Development and Validation of a Clinical Prediction Rule for Lower Limb Critical Limb Ischaemia (PREDICCMI)
- Conditions
- Lower Limb Ischaemia
- Interventions
- Other: Collection of clinical signs and symptoms
- Registration Number
- NCT02637492
- Lead Sponsor
- University Hospital, Bordeaux
- Brief Summary
Critical limb ischaemia (CLI) is the most serious stage of peripheral occlusive arterial disease (POAD). Despite progress in the revascularization procedures, half these patients experience amputation or death after one year. One issue is to identify these subjects because aggressive treatment is necessary in those cases, while in others (ie leg ulcer in a patient with POAD but no rest lower limb ischaemia), revascularization will not be necessary. Then it would be useful to develop a simple score to help the physician to improve diagnosis of CLI.
- Detailed Description
Today many patients with suspected critical limb ischaemia do not have objective assessment of limb ischaemia despite recommendations, mainly because of lack of vascular medicine units able to measure ischaemia with adequate methods such as toe pressure or TCpo2. It would be very useful to better identify the patients who need to be explored, or at least to have an evidence-based clinical assessment in those who cannot be explored . The objective is to develop a simple clinical prediction rule of critical lower limb ischaemia.
Two definitions are currently used for critical limb ischaemia. In both definitions, objective confirmation is needed for critical limb ischaemia by measurement of ankle pressure, toe pressure or transcutaneous oxygen pressure. These two latter measurements are mandatory in the numerous patients whose ankle pressure measurement is not possible (diabetes, chronic renal failure).
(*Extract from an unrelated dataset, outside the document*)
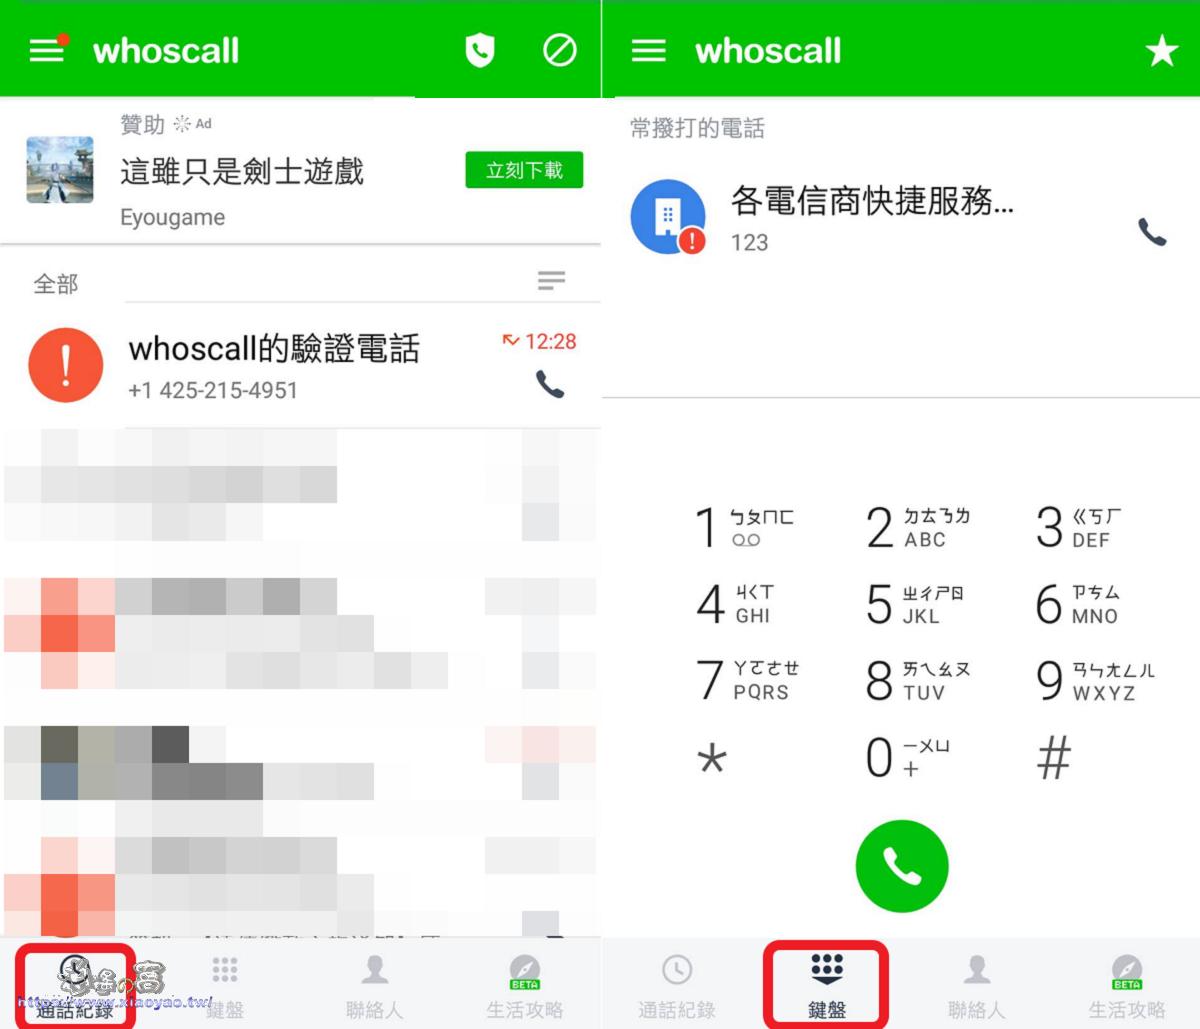 Whoscall 幫你擋掉詐騙、騷擾電話

Unfortunately few vascular medicine units exist to carry out these measurements, so that it would be useful to better identify those patients who need to be explored. In those who cannot be explored, better clinical assessment would also be very useful.
The investigators aim to develop a simple clinical prediction rule by completing a specific clinical chart in the patients hospitalized for peripheral occlusive arterial disease in Bordeaux, Toulouse and Limoges university hospital vascular medicine units and included in the COPART II cohort. Internal validation will be performed using cross-validation and bootstrap methods.
To achieve the secondary objective, the patients will be followed-up for the duration of the study (ie from 1 to 3 years) to evaluate the prediction of clinical outcomes (death or amputation) by both definitions of critical limb ischaemia.
Recruitment & Eligibility
- Status
- COMPLETED
- Sex
- All
- Target Recruitment
- 603
- Patient coming for consultation or hospitalized for lower limb arterial disease and suspected to have critical ischaemia (ie rest pain or ulcer)
Non inclusion Criteria:
- Patient coming for consultation or hospitalized for lower limb arterial disease without rest pain
Not provided
Study & Design
- Study Type
- OBSERVATIONAL
- Study Design
- Not specified
- Arm && Interventions
Group Intervention Description ICCMI Collection of clinical signs and symptoms Patient hospitalized for lower limb arterial disease and suspected to have critical ischaemia
- Primary Outcome Measures
Name Time Method Possible predictors: Clinical signs and symptoms collected on a specific clinical chart developed by investigators Baseline (pre-inclusion visit) The specific clinical chart will be completed by 2 investigators independently in order to assess the reproductibility as well.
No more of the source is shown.